##### Input for this task

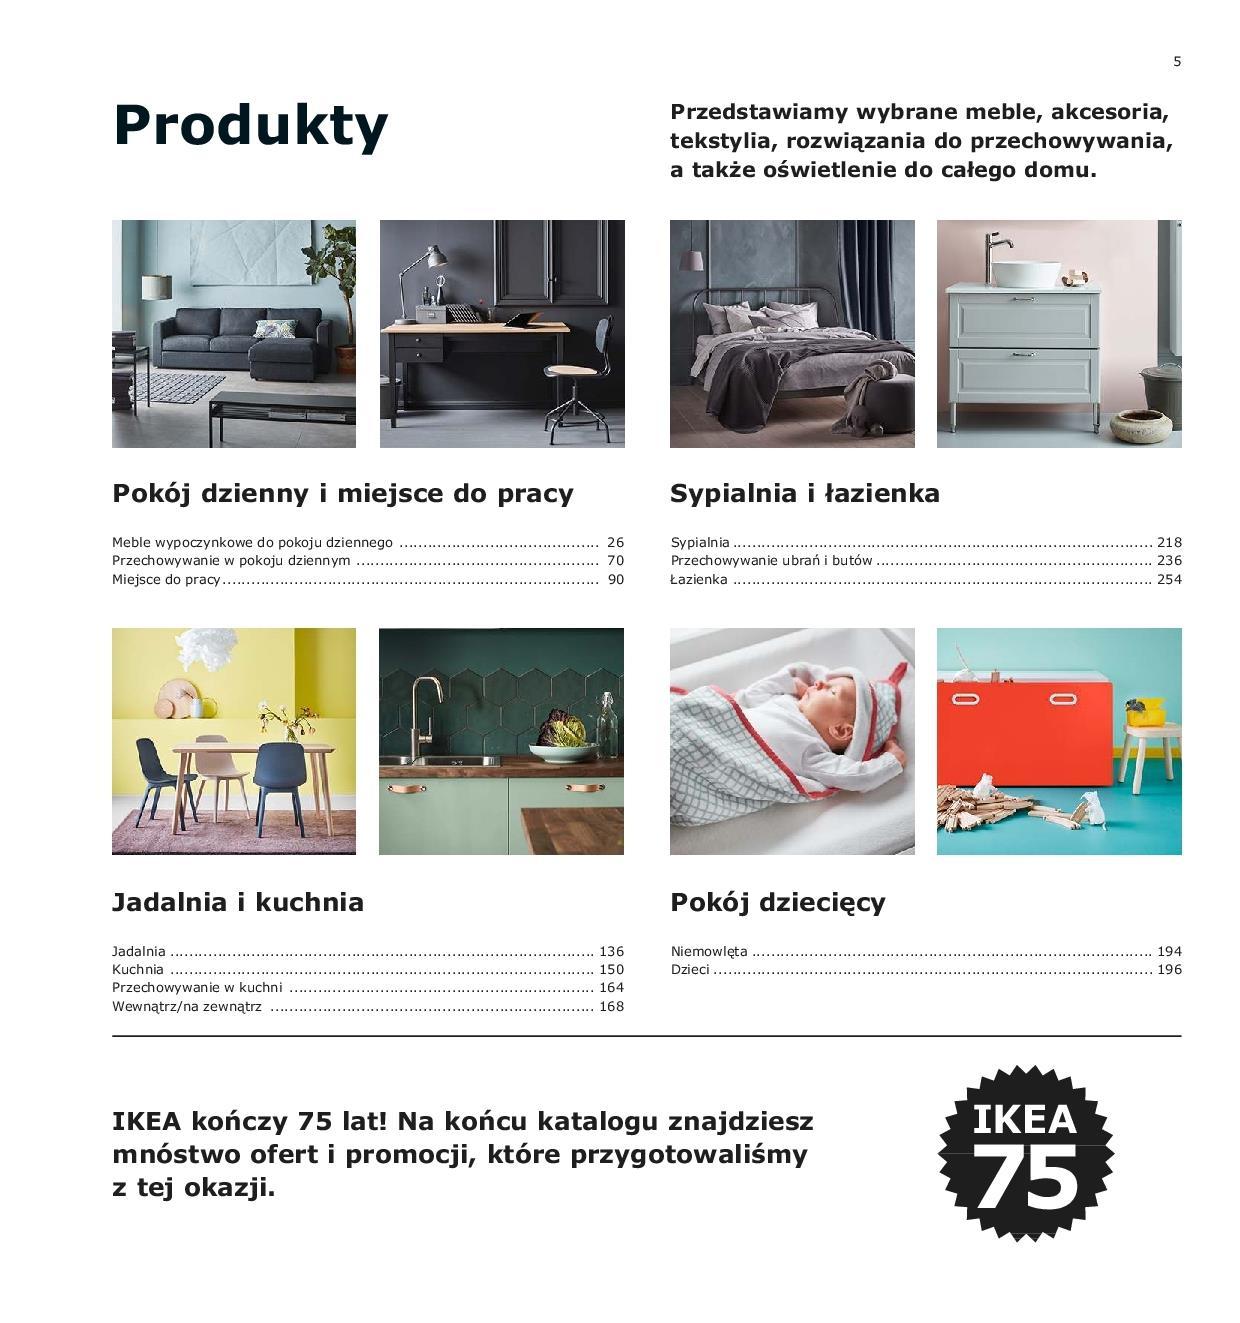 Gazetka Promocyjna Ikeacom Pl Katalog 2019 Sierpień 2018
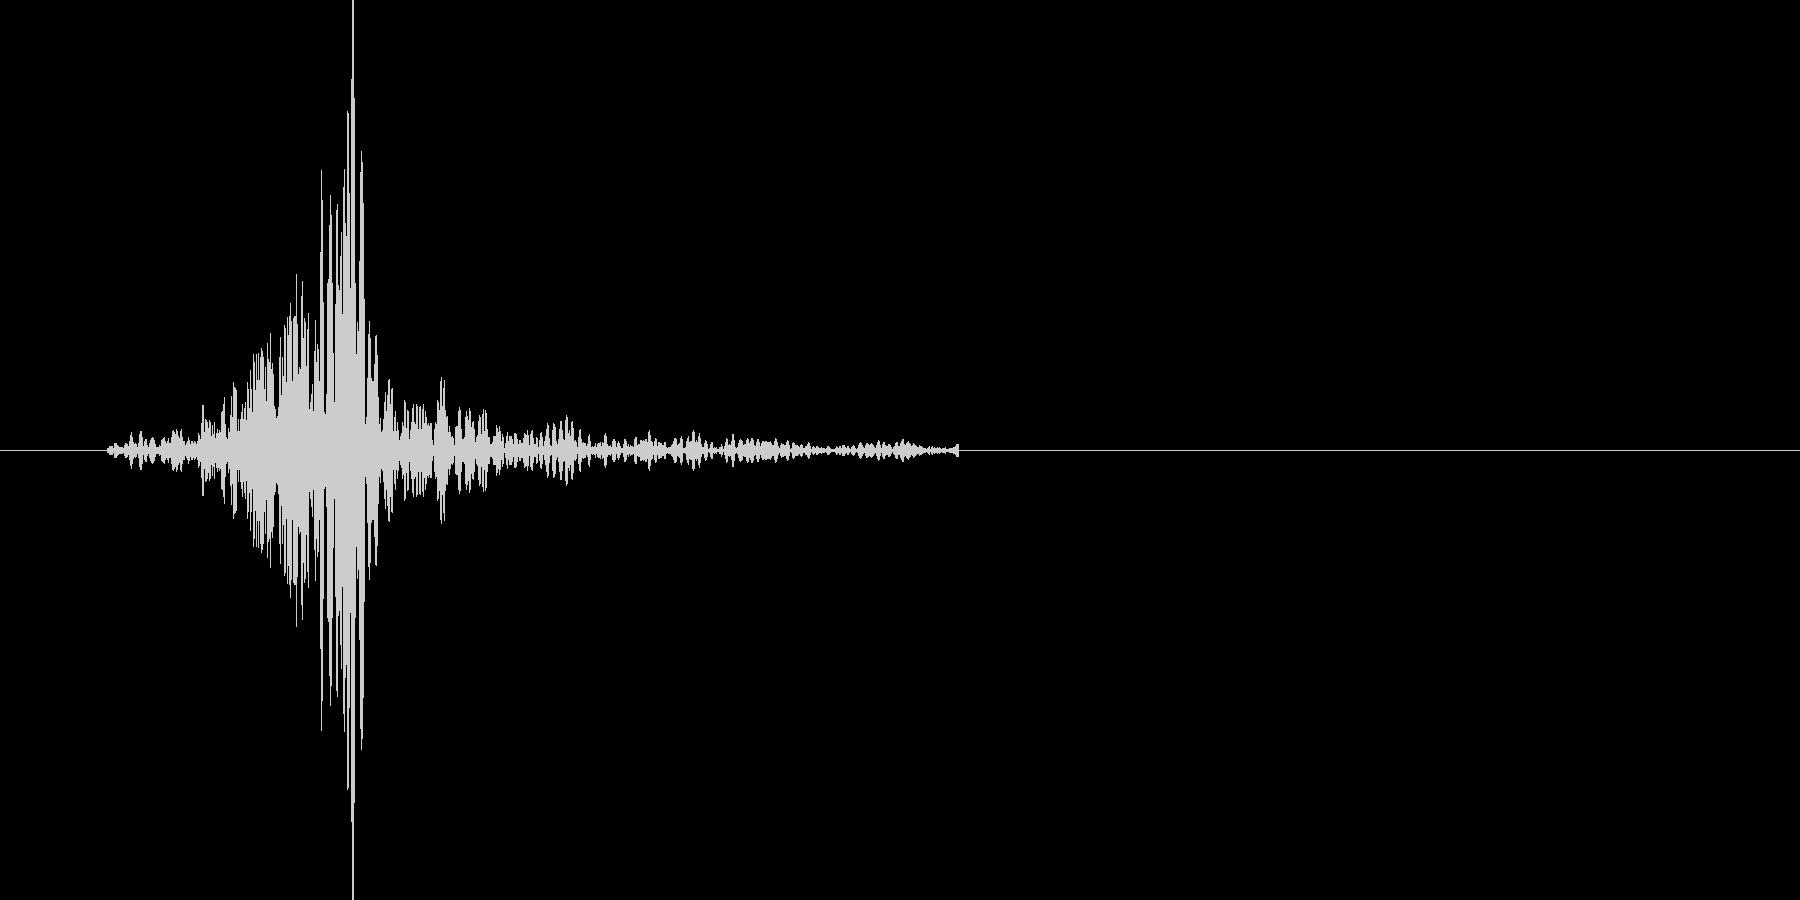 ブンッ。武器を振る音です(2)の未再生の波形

##########
##### Input for this task

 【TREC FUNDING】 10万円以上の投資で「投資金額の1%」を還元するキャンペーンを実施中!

##########

» Exercise instructions: Working from the data above, repeat exactly, and only, the lines that begin at the line containing "Gazetka Promocyjna Ikeacom" and stop after the line containing "ブンッ。武器を振る音です(2)の未再生の波形"; pictures are not copied.

» Answer section:
 Gazetka Promocyjna Ikeacom Pl Katalog 2019 Sierpień 2018
 ブンッ。武器を振る音です(2)の未再生の波形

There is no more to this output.